Status: RESOLVED FIXED

(Firefox :: General, defect)

Description

[David (Yavatar)]

User-Agent:       Mozilla/5.0 (Windows NT 6.0; rv:2.0b7pre) Gecko/20100920 Firefox/4.0b7pre
Build Identifier: Mozilla/5.0 (Windows NT 6.0; rv:2.0b7pre) Gecko/20100920 Firefox/4.0b7pre

If you goto default home page ( about:home ), the page looks similar to a Firefox search page but hitting <ENTER> or clicking on 'Search' does nothing.

Either the page needs to be updated to allow Search or use the default Firefox (non-nightly) Search page. 

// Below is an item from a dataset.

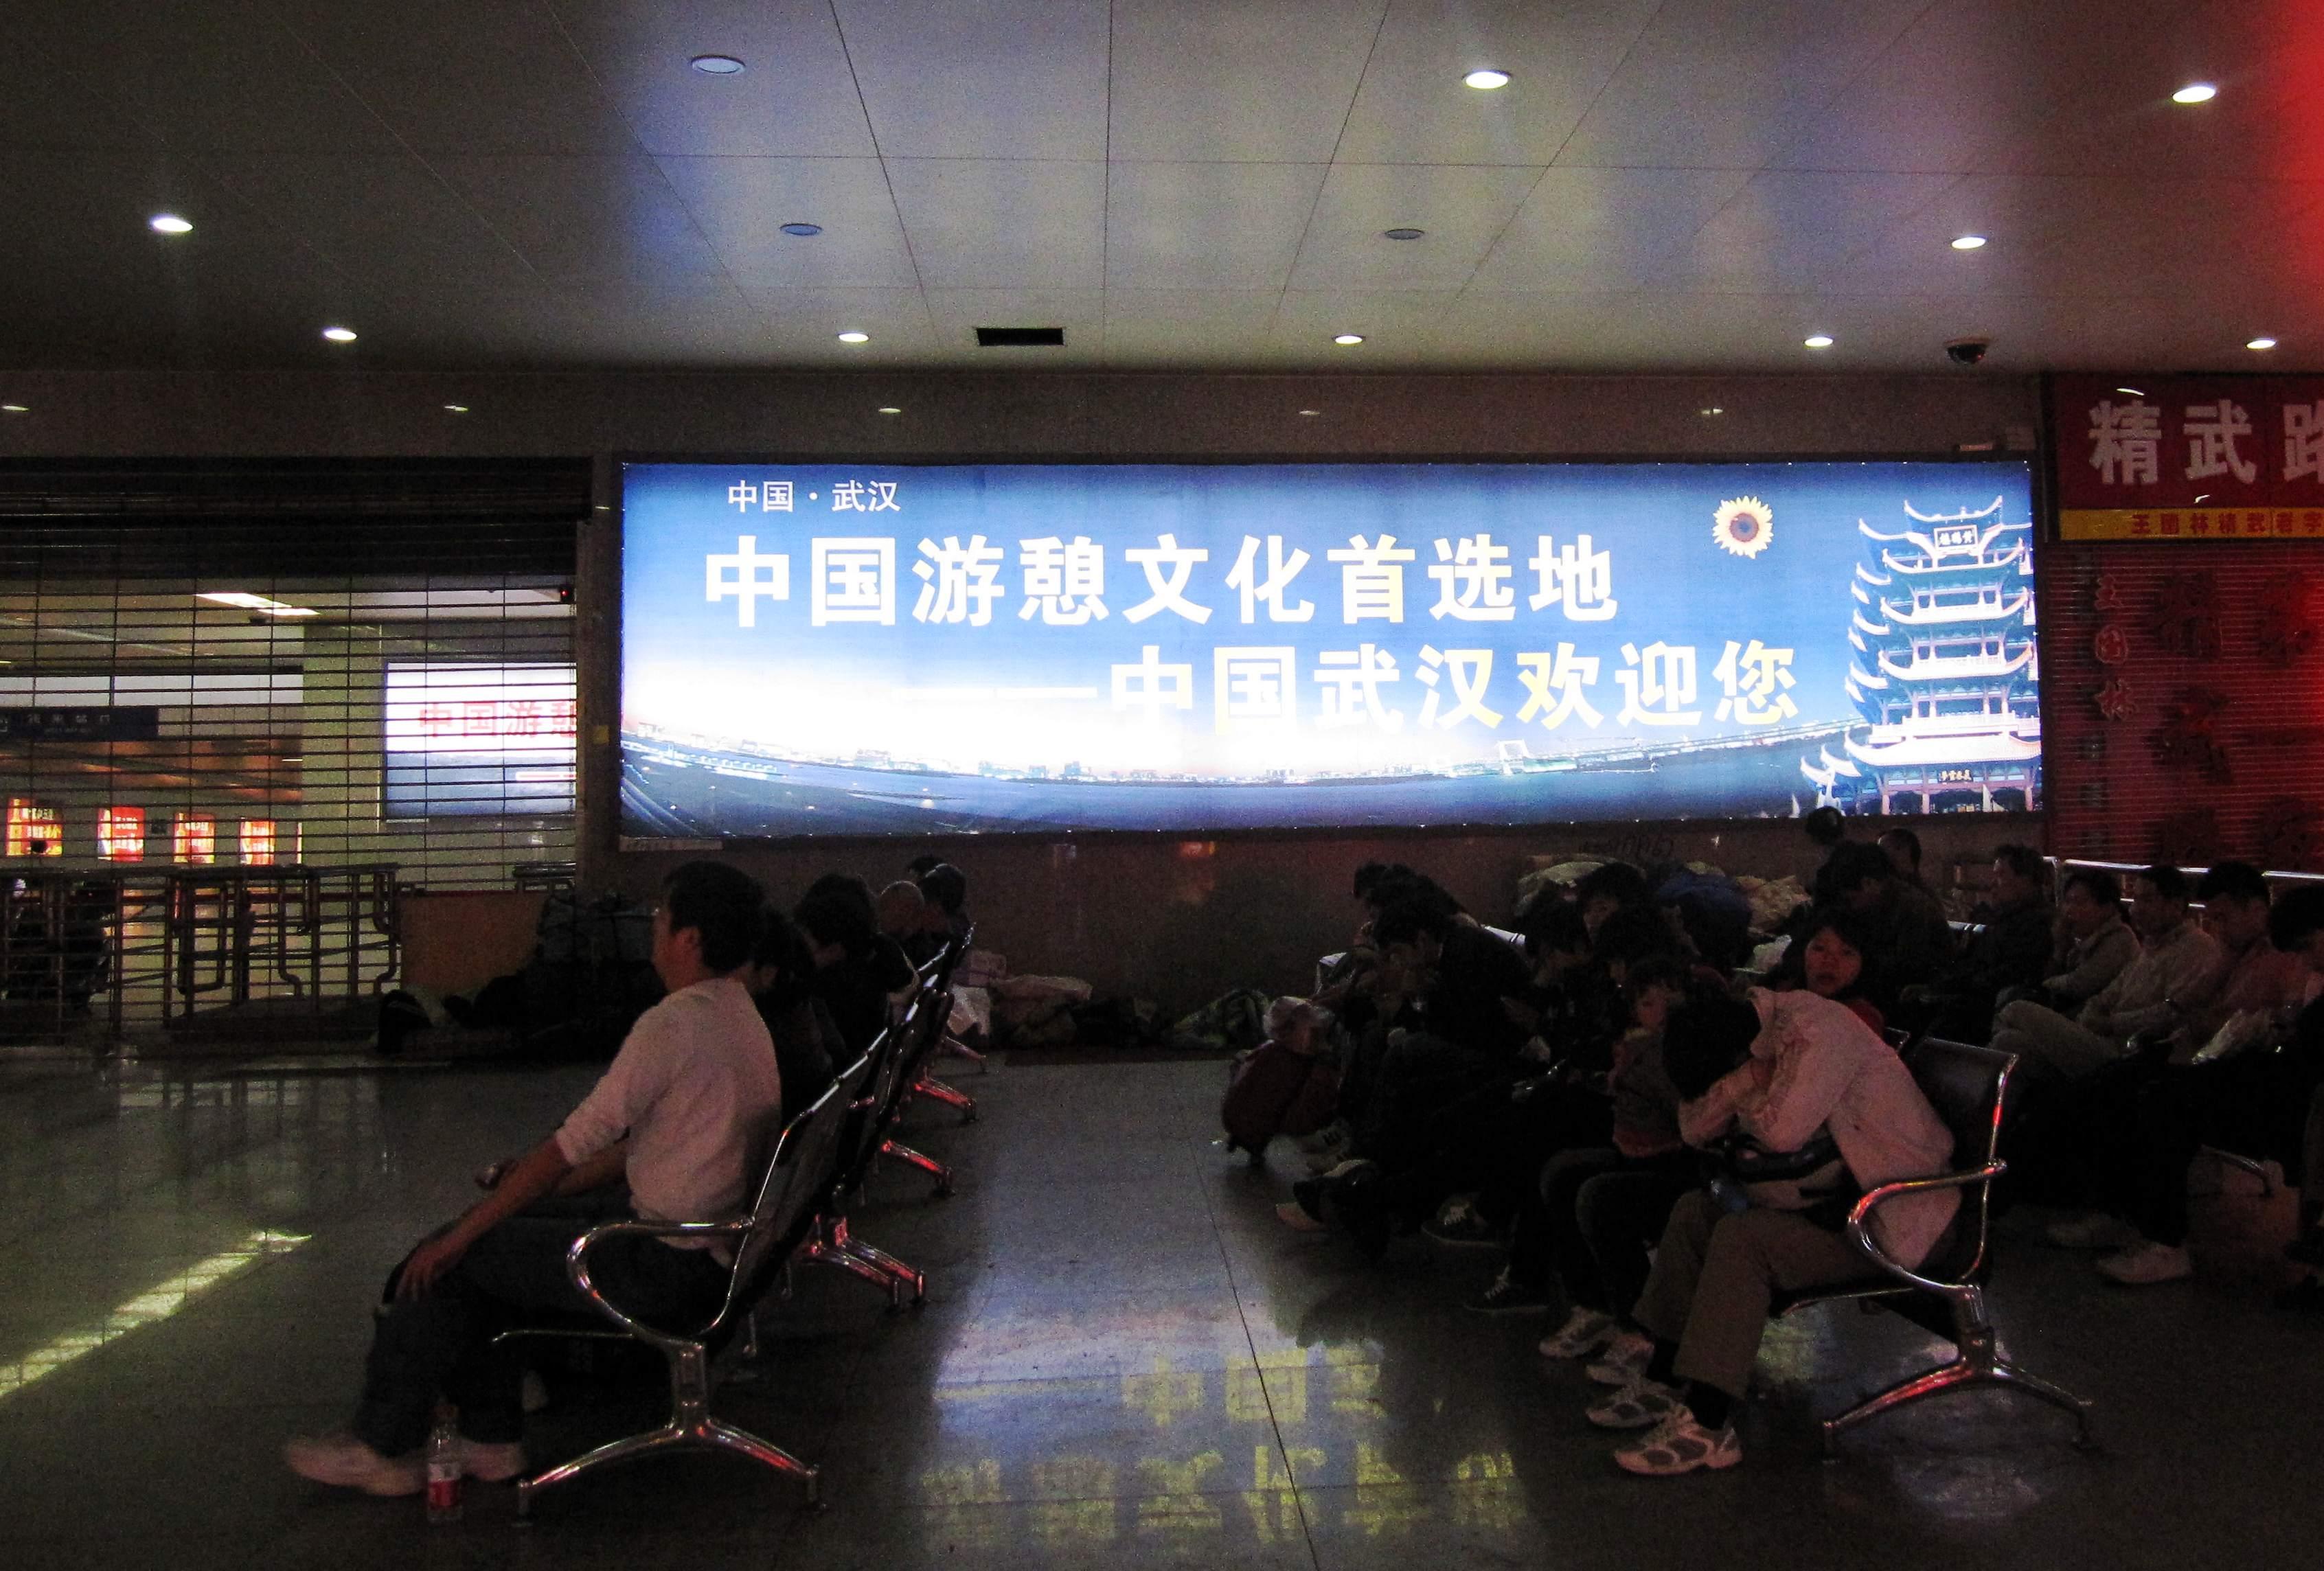 武昌火车站接站大厅广告位

Alternatively use Minefield start page (http://www.mozilla.org/projects/minefield/) for default home page. This may actually be more appropriate for Minefield.

I thought that either the Minefield start page or the Pre-release page was the default home page before because I do not recall seeing about:home (in general or as the default home page) previous to pre7.

Reproducible: Always

Steps to Reproduce:
1. Goto about:home
2. Type in anything in search box
3. Try to start a search

Comment 1

[John P Baker]

This WFM on a new profile; But if I set 'Ask me every time' option for Cookies I get:

Error: uncaught exception: [Exception... "Security error"  code: "1000" nsresult: "0x805303e8 (NS_ERROR_DOM_SECURITY_ERR)"  location: "chrome://browser/content/aboutHome.js Line: 100"]

100   gSearchEngine = JSON.parse(localStorage["search-engine"]);

and thus don't get any information about the search engine.

Comment 2

[Marco Bonardo [:mak]]

David, do you have that cookies setting enabled? did you do anything special before noticing the problem?

Comment 3

[Marco Bonardo [:mak]]

so I can confirm there are 2 things that can block us here, one is network.cookie.cookieBehavior set to "reject" or "ask me every time" the other one is setting dom.storage.enabled to false.

Comment 4

[Marco Bonardo [:mak]]

I fear this should block.

Comment 5

[David (Yavatar)]

It's at least something with the cookies(I clear Google from History each time to test):

Accept / ... / Until Expire - OK

Accept / ... / Session Expire - OK

Accept / ... / Ask Me Every - NO


Checked dom.storage.enabled too which is OK (TRUE)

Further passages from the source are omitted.